IZ #294, the latest issue

IZ #294, the latest issue

The long running British1 SF Magazine Interzone has a new home and new editor, Gareth Jelley, starting with issue 294.

It's also got a swanky new format ("JB6"): a perfect-bound, paperback novel size, perfect for fitting into an oversize coat or jeans pocket for reading on the train.

I started reading Interzone in around 2003, having picked up an issue (#176) from Feb 2002 that was languishing on the shelves in Forbidden Planet. Once I discovered it I wondered why it had taken me so long. That issue introduced me to Greg Egan. I bought a number of back issues on eBay, to grab issues with stories by people including Terry Pratchett, Iain Banks, Alastair Reynolds, and others.
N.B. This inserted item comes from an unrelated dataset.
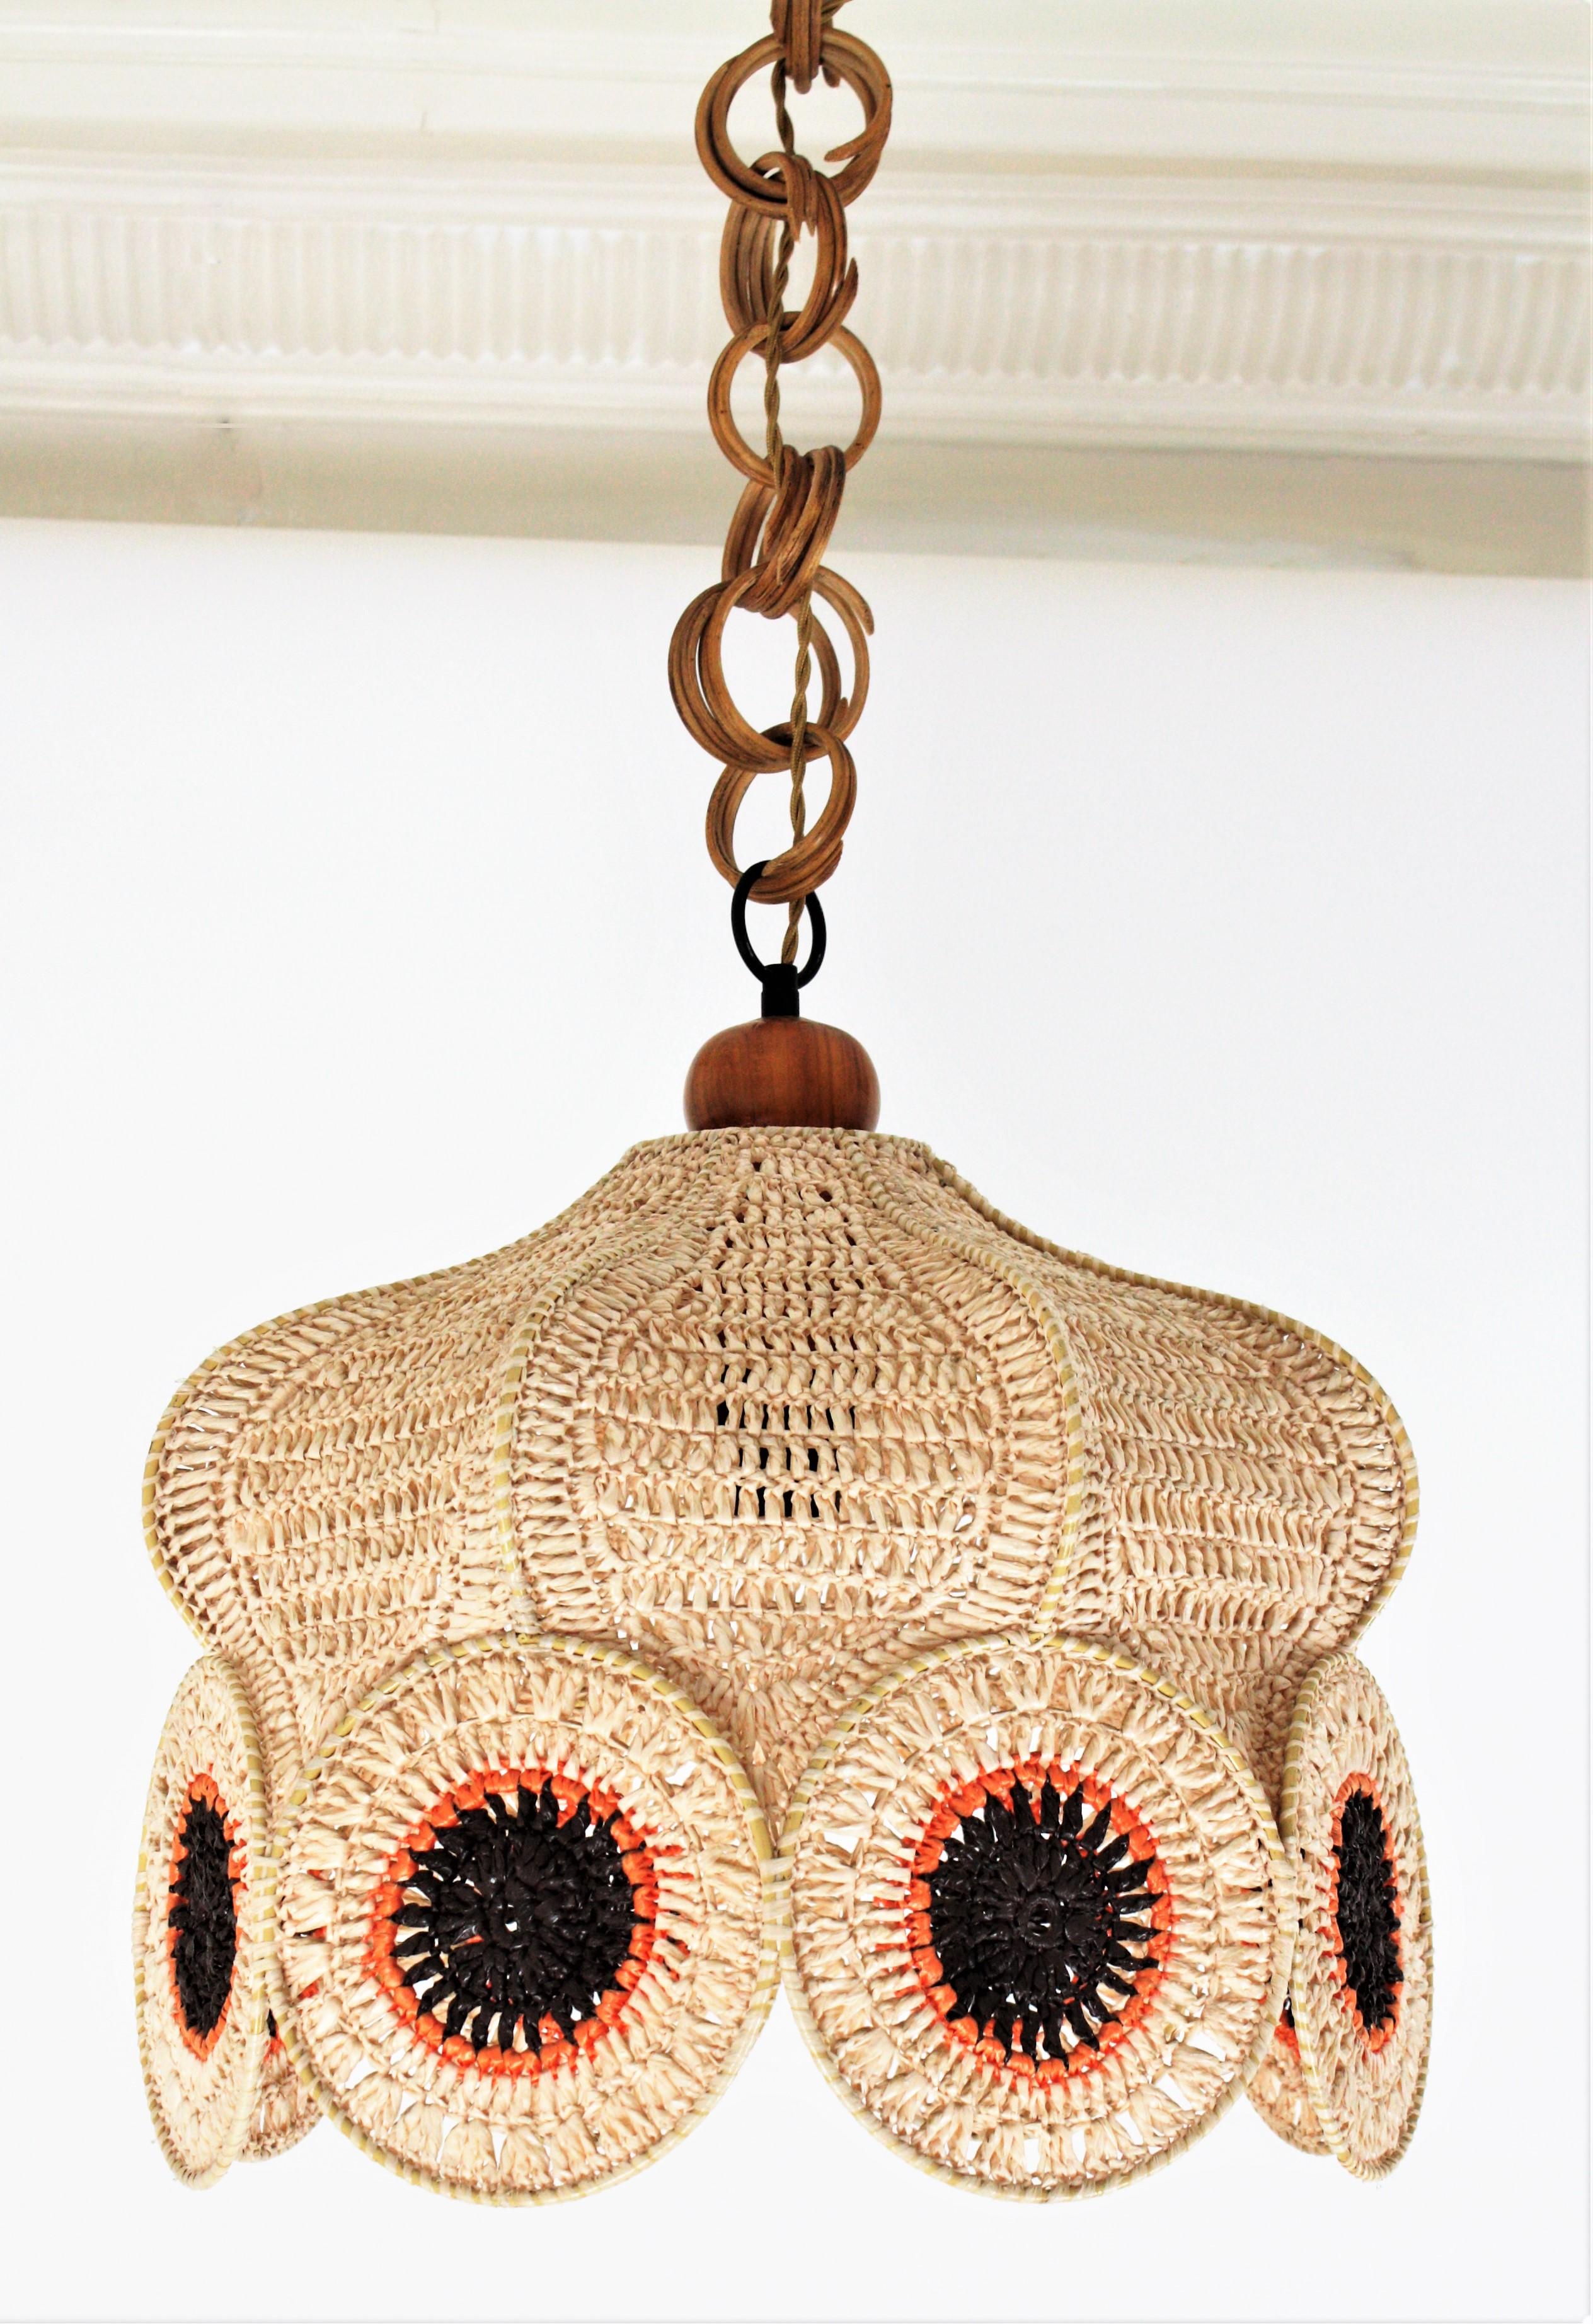 A funny Bohemian hand knotted macramé suspension lamp with colorful circles accenting the bottom. Spain, 1960s-1970s.
This handcrafted chandelier features a shade made of hand knotted macrame acrylic cord. The top of the shade is adorned by a wooden

IZ #194: The first by TTA press

IZ #194: The first by TTA press

A short while later in early 2004, after 22 years, Interzone's owner and editorship changed from David Pringle to Andy Cox and TTA Press. I can remember the initial transition was very jarring: the cover emphasised expanding into coverage of Manga, Graphic Novels and Video Games (which ultimately didn't happen) but after a short period of experimentation it quickly settled down into a similarly fantastic read. I particularly liked the move to a smaller, perfect-bound form-factor in 2012.

I had to double-check this but I'd been reading IZ throughout the TTA era and it lasted 18 years! Throughout that time I have discovered countless fantastic authors that I would otherwise never have experienced. Some (but by no means all) are Dominic Green, Daniel Kaysen, Chris Beckett, Cécile Cristofari, Aliya Whiteley, Tim Major, Françoise Harvey, Will McIntosh.

Cox has now retired (after 100 issues and a tenure almost as long as Pringle) and handed the reins to Gareth Jelley/MYY Press, who have published their first issue, #294.

Jelley is clearly putting a huge amount of effort into revitalizing the magazine. There's a new homepage at interzone.press but also companion internet presences: a plethora of digital content at interzone.digital, Interzone Socials (a novel idea), a Discord server, a podcast, and no doubt more.

Having said that, the economics of small magazines have been perilous for a long time, and that hasn't changed, so I think the future of IZ (in physical format at least) is in peril. If you enjoy short fiction, fresh ideas, SF/F/Fantastika; why not try a subscription to Interzone, whilst you still can!


  1. Interzone has always been "British", in some sense, but never exclusively so. I recall fondly a long-term project under Pringle to publish a lot of Serbian writer Zoran Živković, for example, and the very first story I read was by Australian Greg Egan. Under Jelley, the magazine is being printed in Poland and priced in Euros. I expect it to continue to attract and publish writers from all over the place.